First off, you need to consider changing the title of your thread from:

my husband *cant* stop talking to a girl hes never met who lives 1,000 miles away

to:

my husband *won't* stop talking to a girl hes never met who lives 1,000 miles away

And therein lies the issue. Whether she lives down the street of 1,000 miles away, she still is the OW in your marriage. She still has your H's ear (or eyes on the page) and attention is taken away from your needs and your relationship in order for him to give HER that attention. You know it isn't right. He is oblivious. You know it has to stop. He doesn't know this.

So, how does he learn that this is inappropriate and must stop? You give him an ultimatum and be prepared to follow though. Either he ends it NOW with a NC letter or the marriage is over. You will not remain married when there is an OW involved with your H. He gets to decide whether he wants to continue with her, but in doing so, he will be without you.


----------



## that_girl (Jul 6, 2011)

Yea. He CAN stop, but he doesn't want to.

He's having a serious affair. 

Either she goes or you go.


----------



## lordmayhem (Feb 7, 2011)

that_girl said:


> Yea. He CAN stop, but he doesn't want to.
> 
> He's having a serious affair.
> 
> Either she goes or you go.


:iagree:

This is the exact same situation as HurtinginTN, his WW was having an serious EA with an OM she met online who she never even met before. She finally went to the OM, driving thru the night and a thousand miles away to meet him for the first time, even taking her family's van which was their only means of transportation.


----------



## Acabado (May 13, 2012)

He failed the marriage test. Not a year married and already scaping from reality? He was not ready to be a husband and appears either to be a father. You deserved better. He's totally hooked up with this fantasy woman. It would be laughable if it wasn't so tragic.
This are the bare minimum conditions:
A NC letter.
Complete trnaparence in comunication devices so you can verify it.
Full disclosure.
IC for him.
MC later.
As he's totally doing the opposite you need to stop confronting him. Start detaching so you can think more clearly, not in that emotional state, and you will make more rational decisions.
Imnplement imediately the 180 -> The 180 degree rules, expose this affair to relevan people, people who could get your husband head straigh putting some pressure on him, as ther ILs. Talk to a lawyer, get your doks in row. Start moving on with your life. envision a future without him.

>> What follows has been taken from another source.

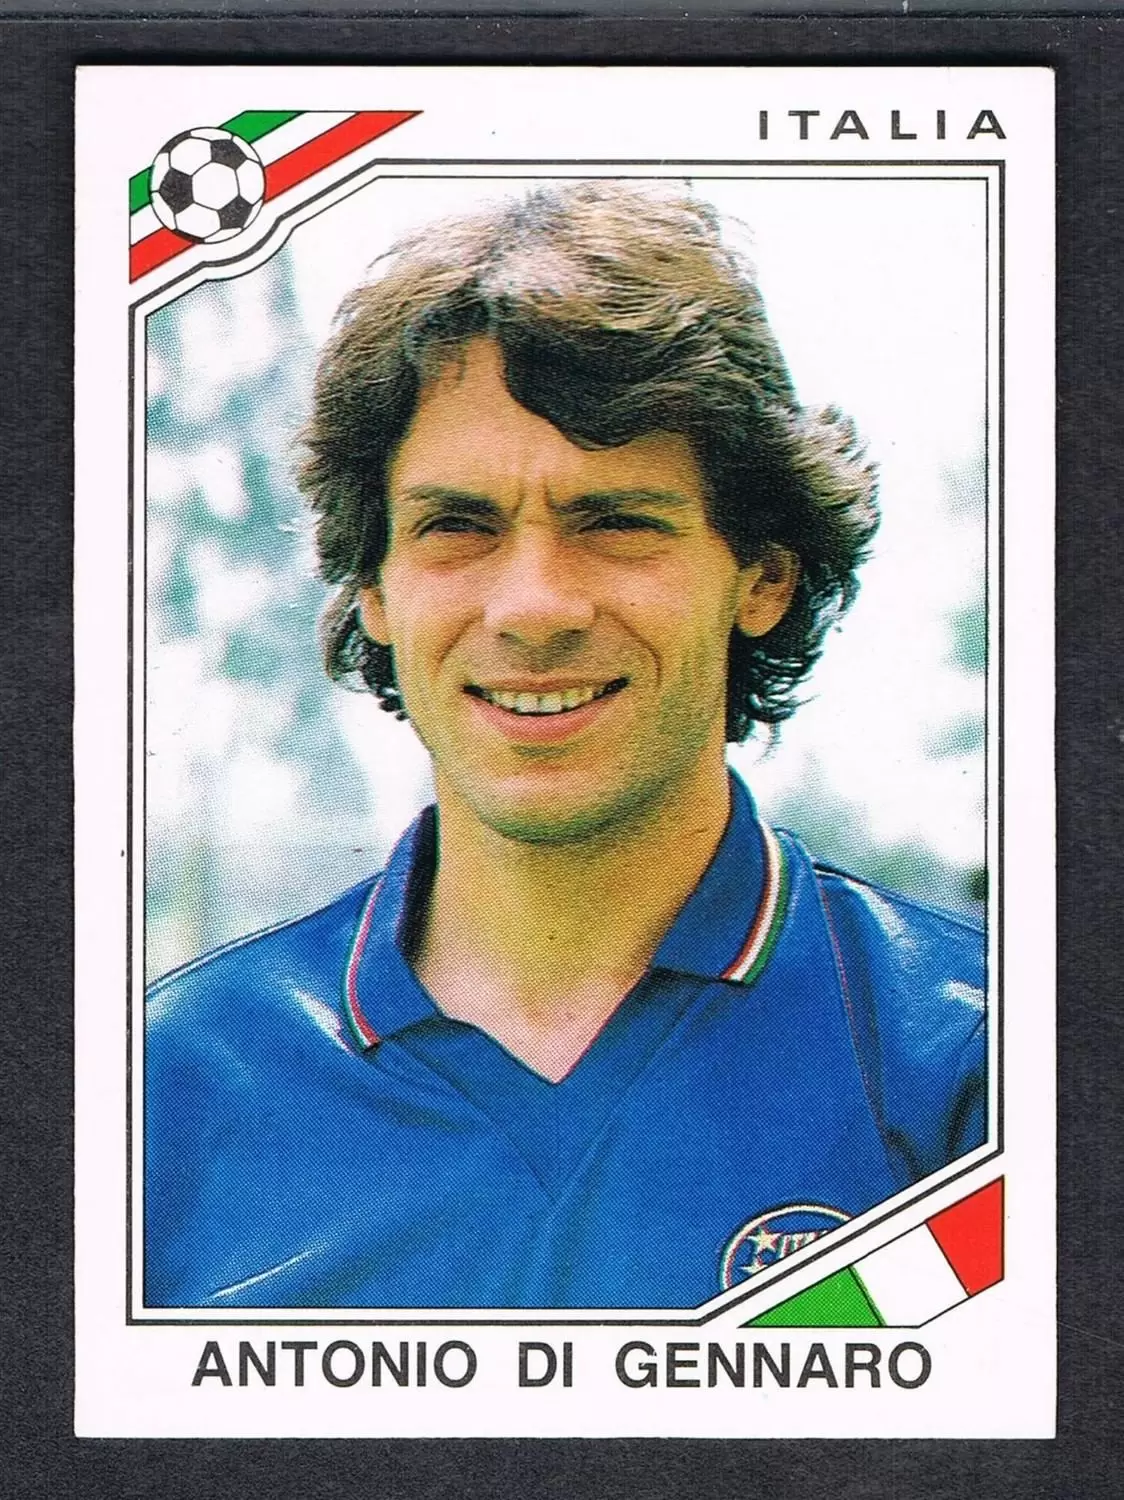 Mexico 86 World Cup - Antonio Di Gennaro - Italie

Take care of yourself. Eat and drink properly.


----------



## costa200 (Jun 27, 2012)

So you're pregnant right now and he is putting you through this crap? That guy is a real class act.


----------



## badbane (Jun 9, 2012)

What an Idiot. I just watched a dateline where a woman posed being a hot blonde and was really a middle aged attention *****. She got this married guy all in love with her. Then she broke it off and tried to get some other guy. She gets rejected and gaslights the married guy into killing other dude. Then he finds out he did all of this for a middle aged attention ***** rather than an 22 year old hot blonde.
Purely online relationships are dangerous and 100% fantasy. Your H is obviously ignorant. Also don't be surprised if he has given her money. This type of scam is a favorite of Nigerians.
At this point you need to confront him. Cut all ties with this OW. Don't be nice about it. If he won't let her go then leave his sorry ass. If he can't even afford to keep his car running how is he going to be meeting this OW. I would open a second bank account and have any money you make go to that.


----------



## Mad as hell (Aug 23, 2012)

I think the more u telling him to stop communicating, is the more he is doing it, Let him know how you feel about it and leave it at that, maybe one day he will realise how important you are to him.

Sorry about this.


----------



## lordmayhem (Feb 7, 2011)

badbane said:


> What an Idiot. I just watched a dateline where a woman posed being a hot blonde and was really a middle aged attention *****. She got this married guy all in love with her. Then she broke it off and tried to get some other guy. She gets rejected and gaslights the married guy into killing other dude. Then he finds out he did all of this for a middle aged attention ***** rather than an 22 year old hot blonde.
> Purely online relationships are dangerous and 100% fantasy. Your H is obviously ignorant. Also don't be surprised if he has given her money. This type of scam is a favorite of Nigerians.
> At this point you need to confront him. Cut all ties with this OW. Don't be nice about it. If he won't let her go then leave his sorry ass. If he can't even afford to keep his car running how is he going to be meeting this OW. I would open a second bank account and have any money you make go to that.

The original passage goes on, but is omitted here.